Output word for word the lines from the one with "the opening number" to the final line of the data, both ends included, but skip the pictures.
● ● ● ● ●
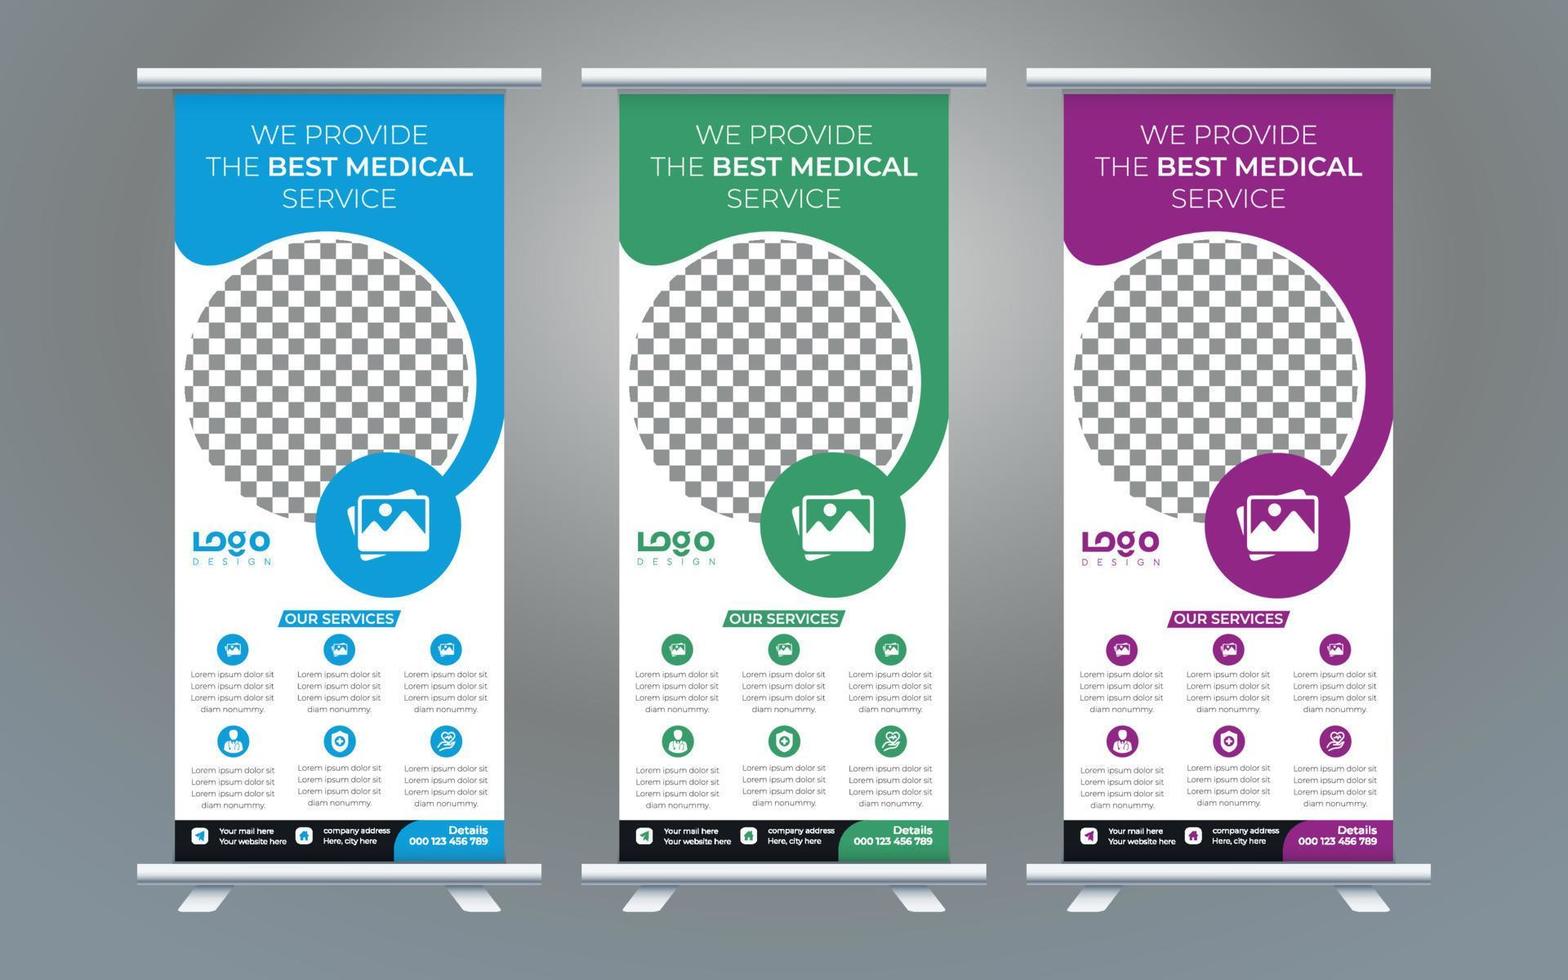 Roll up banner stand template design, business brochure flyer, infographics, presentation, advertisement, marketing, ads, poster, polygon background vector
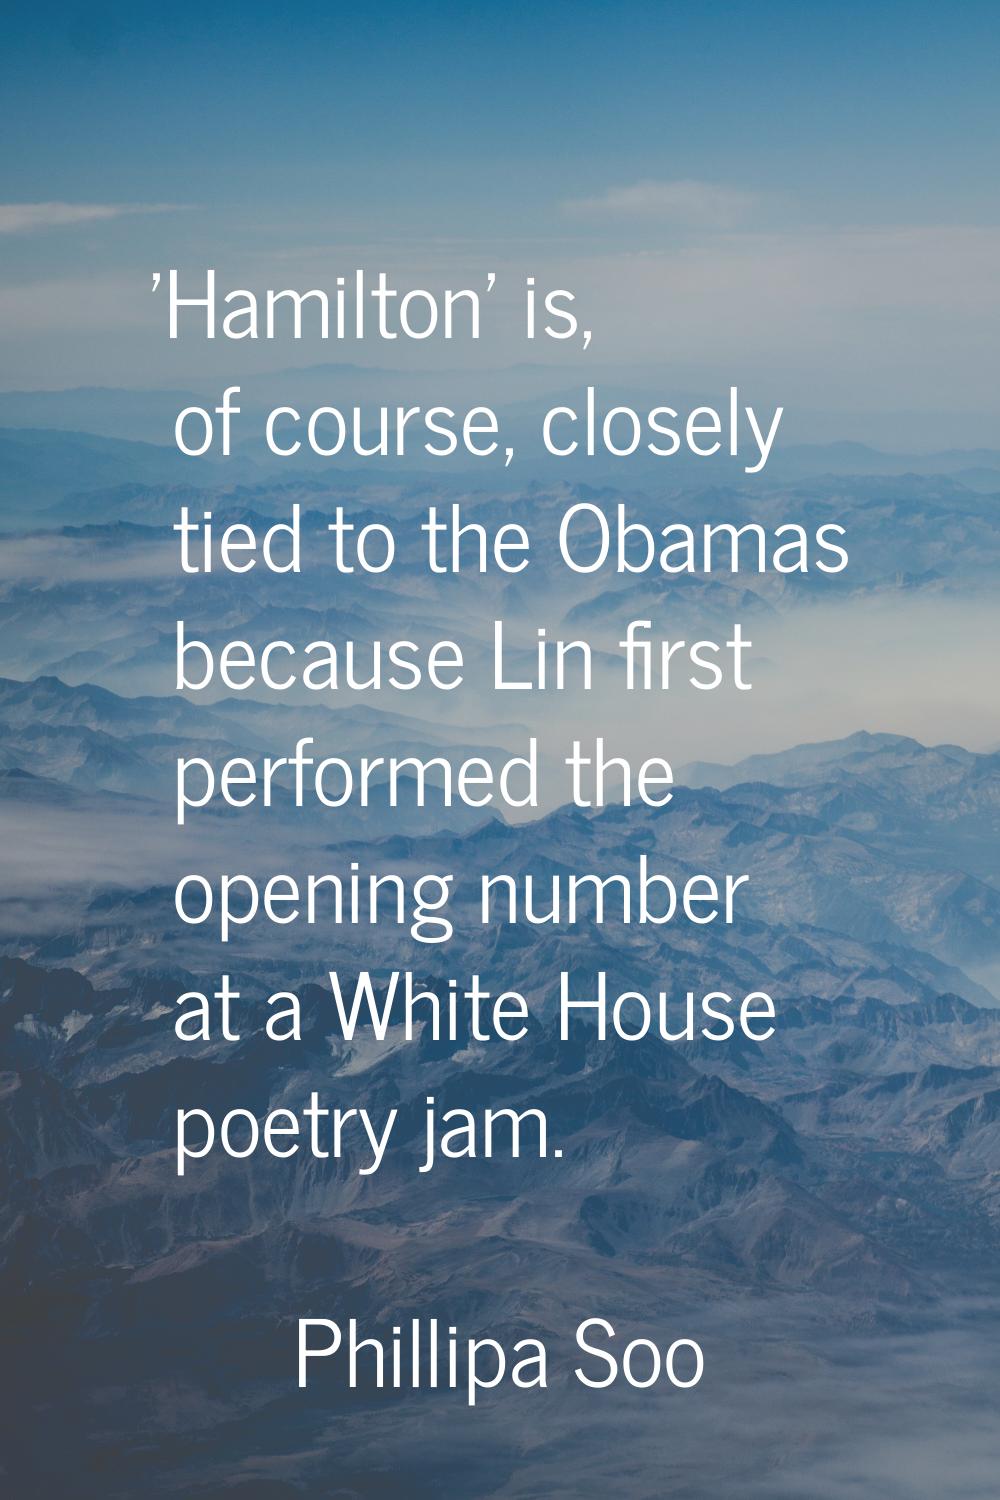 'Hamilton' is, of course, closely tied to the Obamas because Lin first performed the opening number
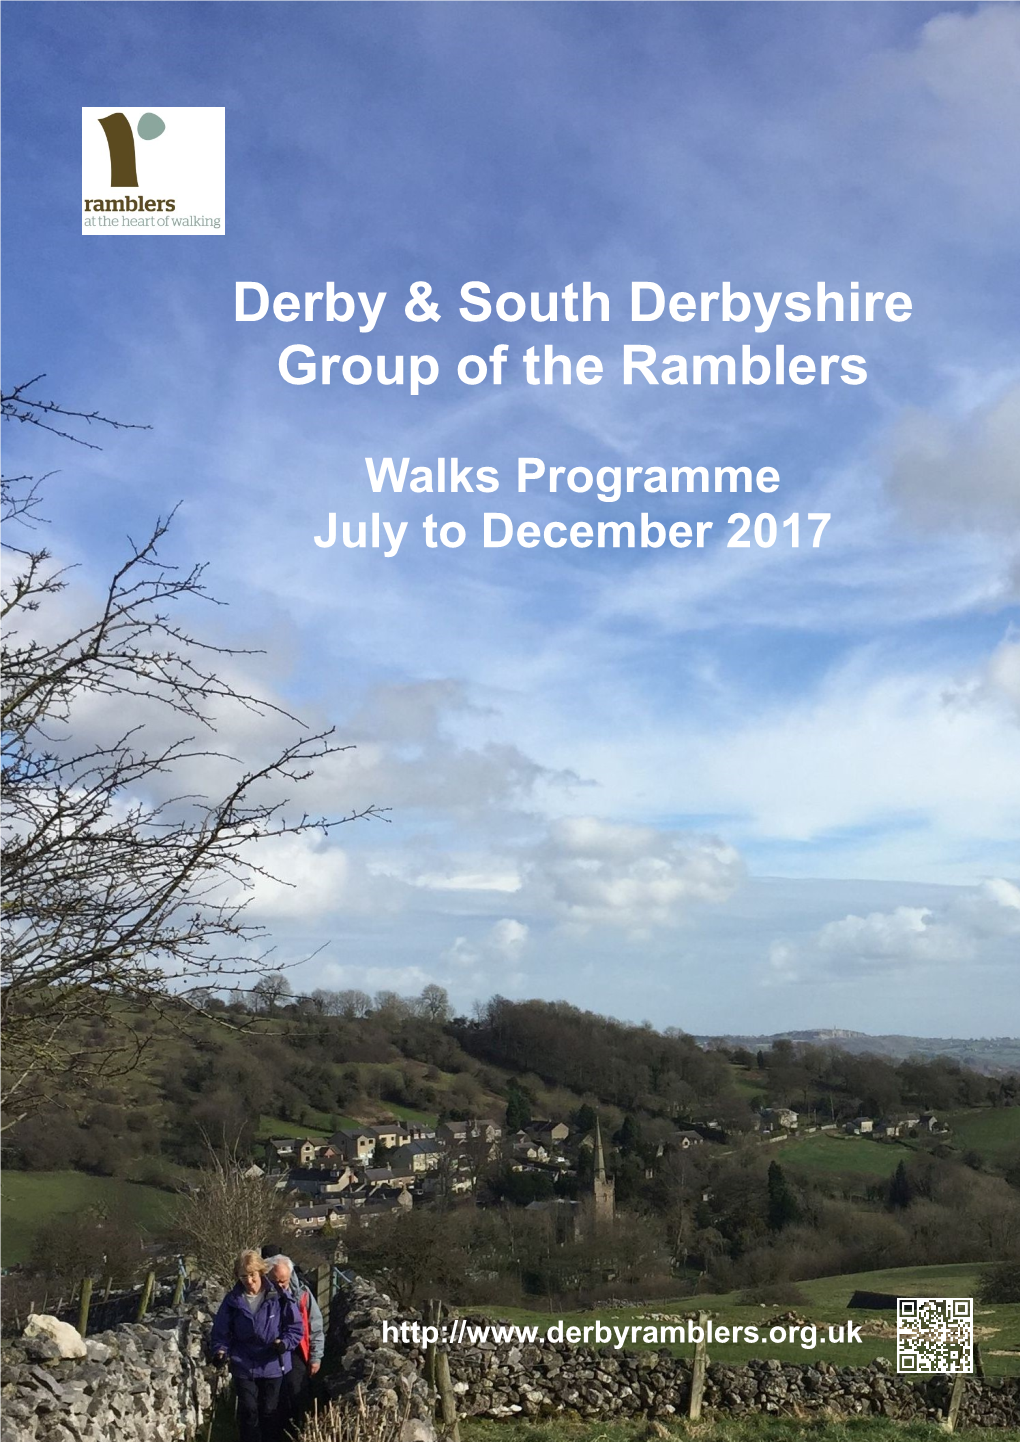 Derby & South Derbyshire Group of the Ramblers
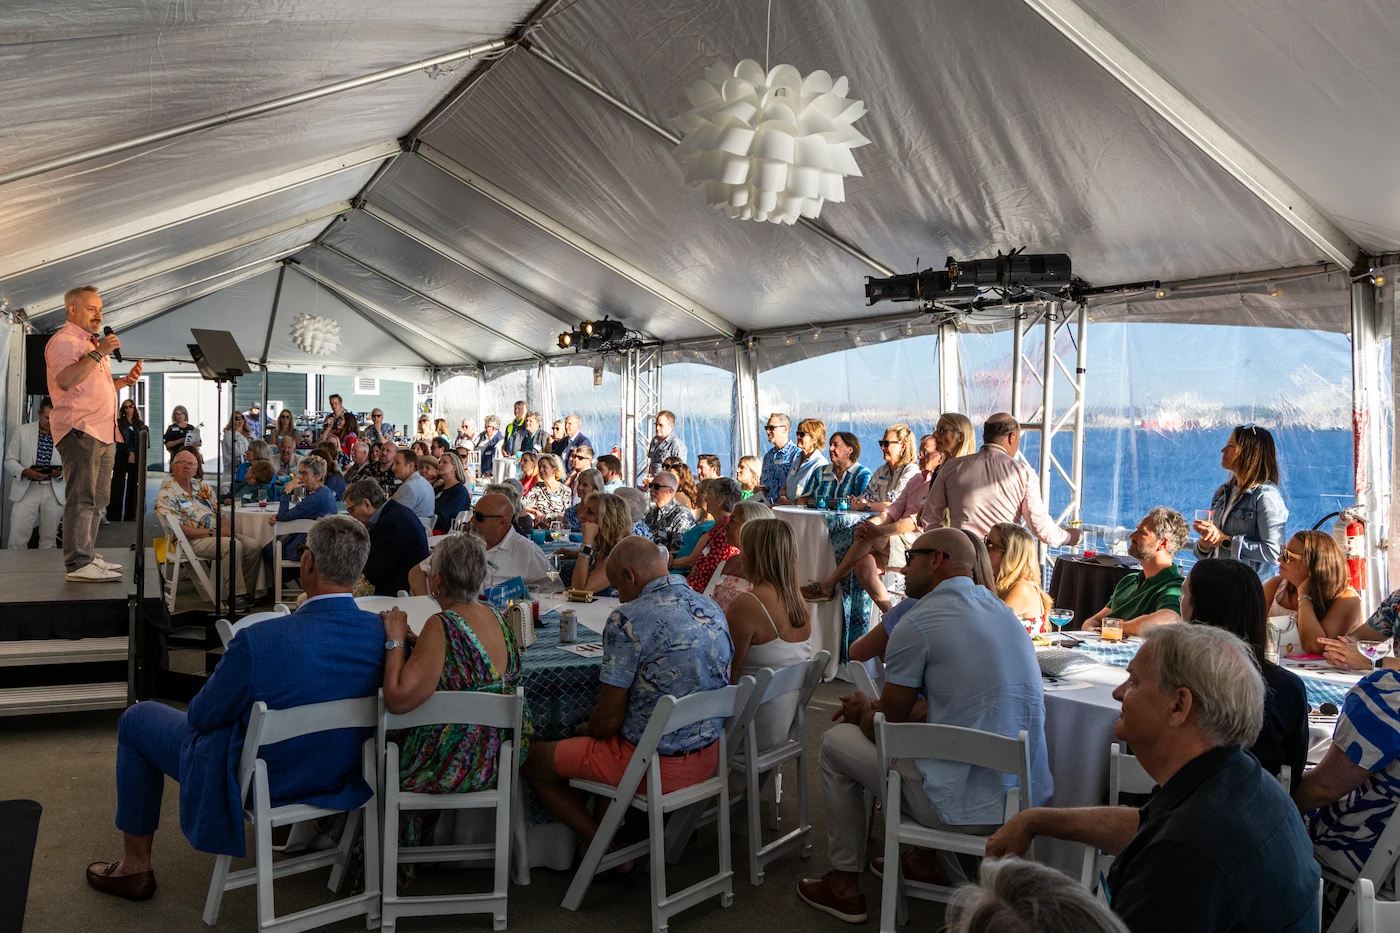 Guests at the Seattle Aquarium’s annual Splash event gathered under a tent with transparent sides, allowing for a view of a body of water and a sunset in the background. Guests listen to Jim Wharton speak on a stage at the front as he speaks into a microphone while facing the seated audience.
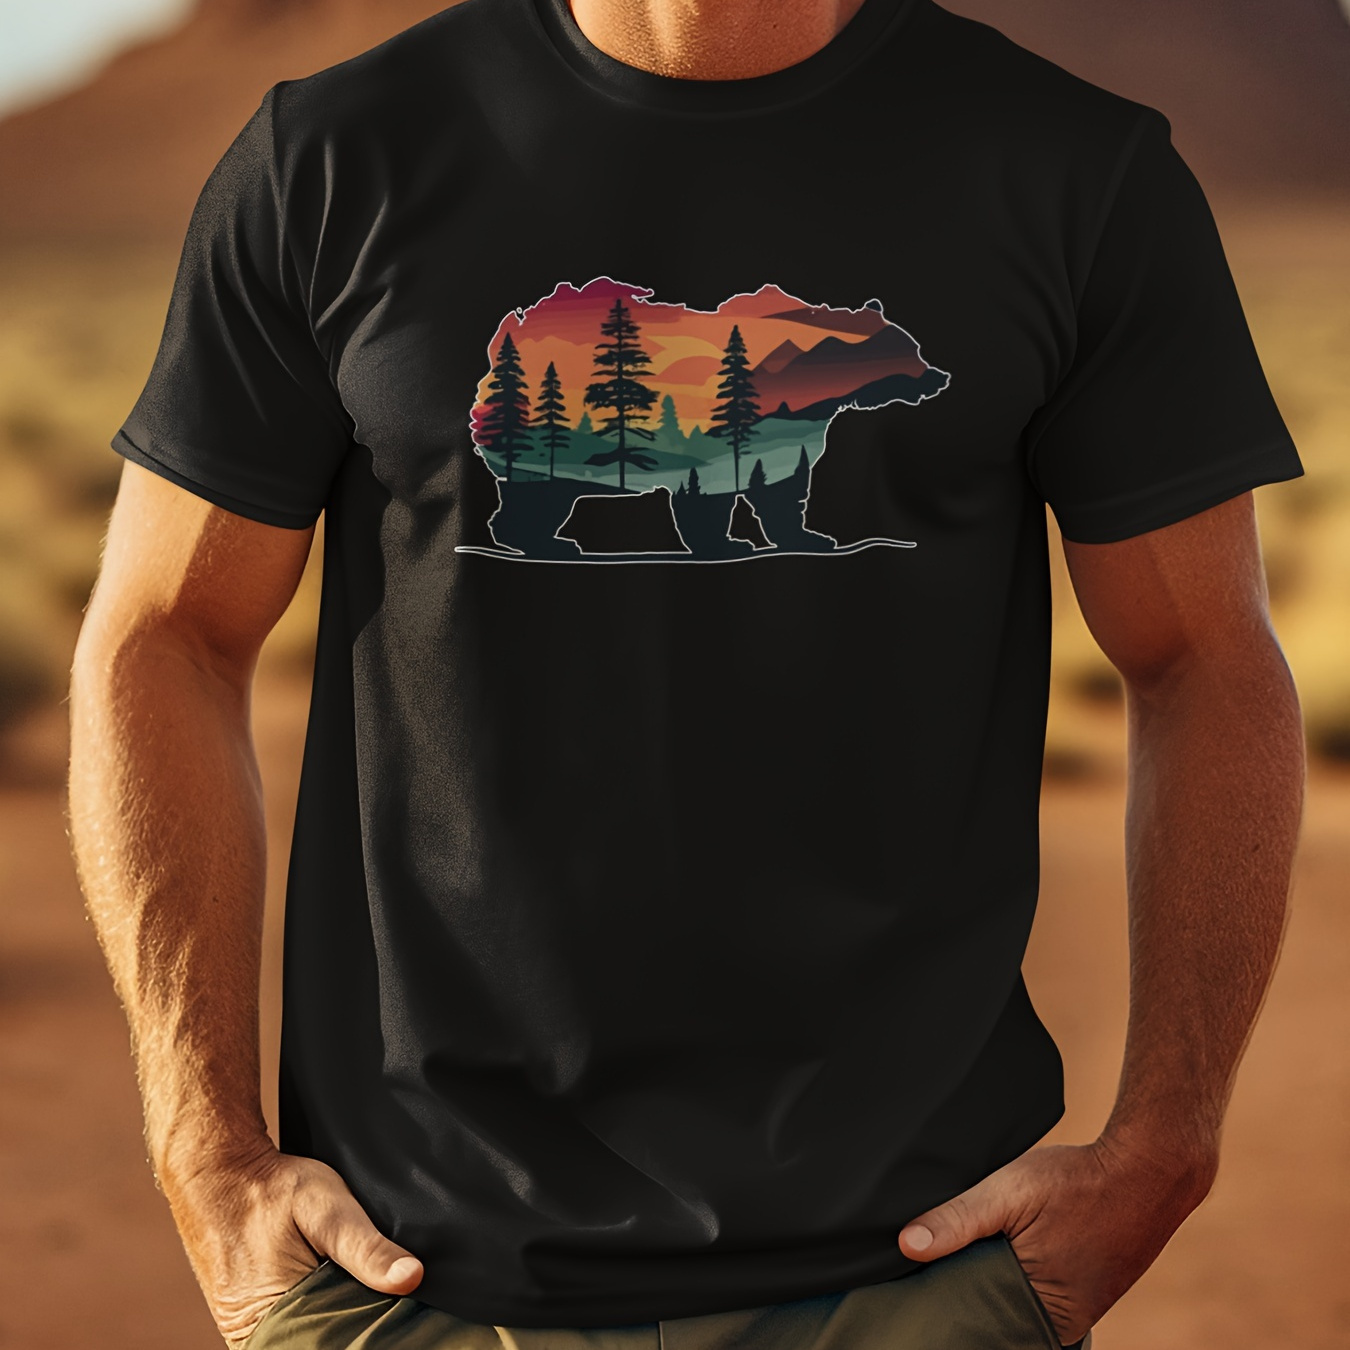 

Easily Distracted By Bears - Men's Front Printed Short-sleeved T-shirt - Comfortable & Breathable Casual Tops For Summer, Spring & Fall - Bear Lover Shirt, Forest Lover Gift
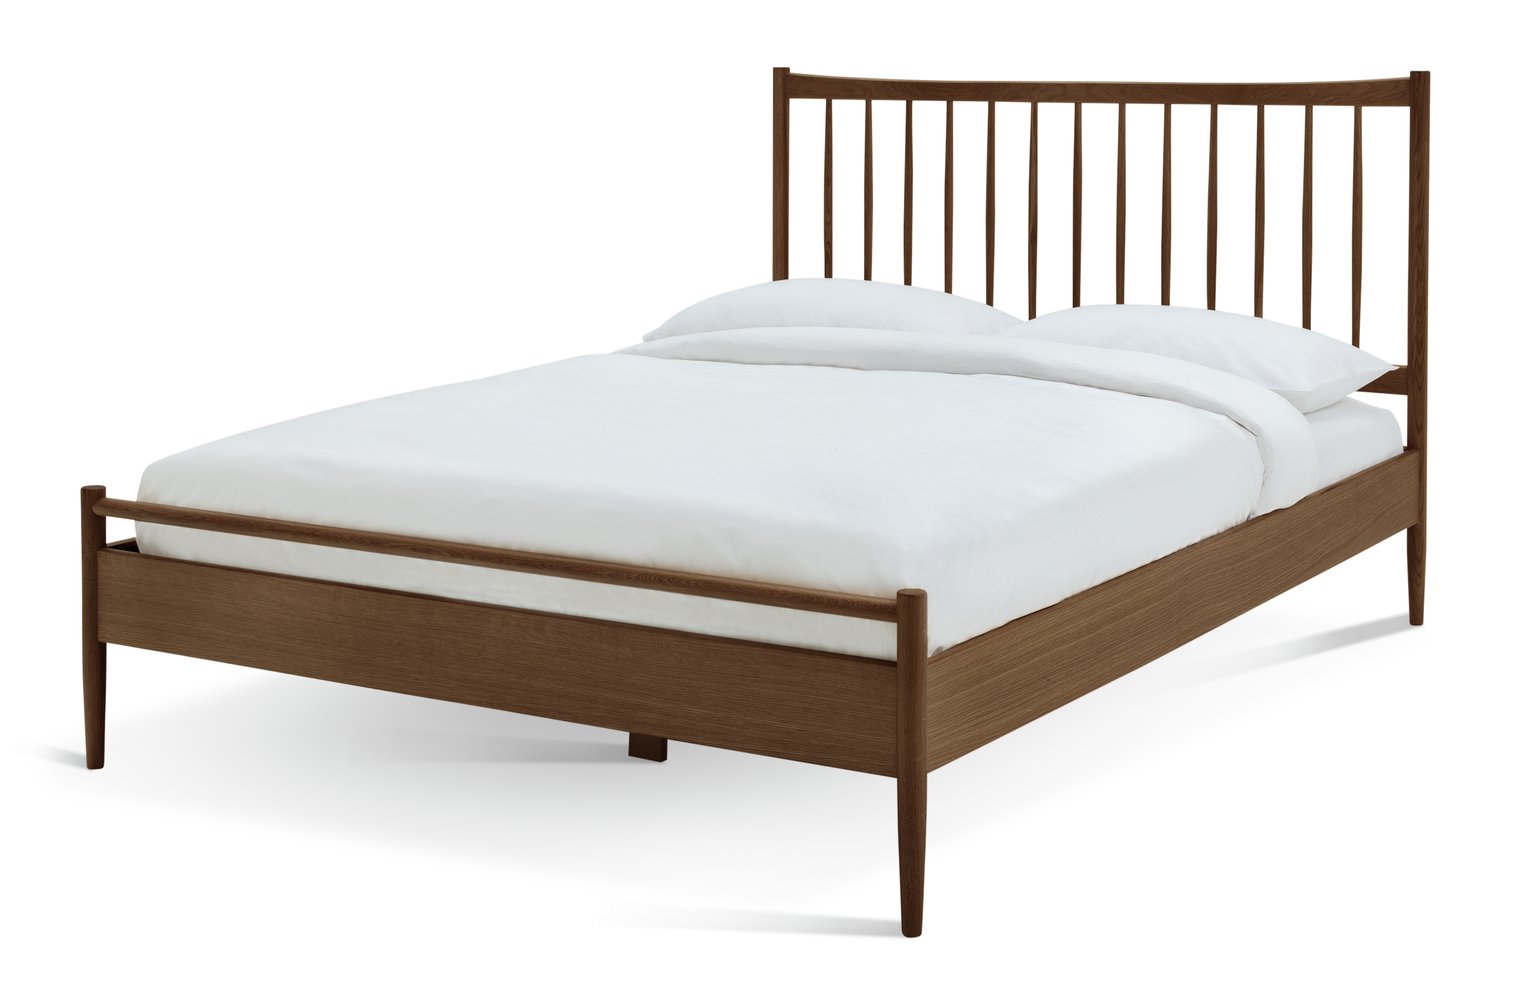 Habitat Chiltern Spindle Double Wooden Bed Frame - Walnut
● ● ● ● ●
### ANSWER BOX
 'Hamilton' is, of course, closely tied to the Obamas because Lin first performed the opening number
 Derby & South Derbyshire Group of the Ramblers
 Guests at the Seattle Aquarium’s annual Splash event gathered under a tent with transparent sides, allowing for a view of a body of water and a sunset in the background. Guests listen to Jim Wharton speak on a stage at the front as he speaks into a microphone while facing the seated audience.

Easily Distracted By Bears - Men's Front Printed Short-sleeved T-shirt - Comfortable & Breathable Casual Tops For Summer, Spring & Fall - Bear Lover Shirt, Forest Lover Gift
 Habitat Chiltern Spindle Double Wooden Bed Frame - Walnut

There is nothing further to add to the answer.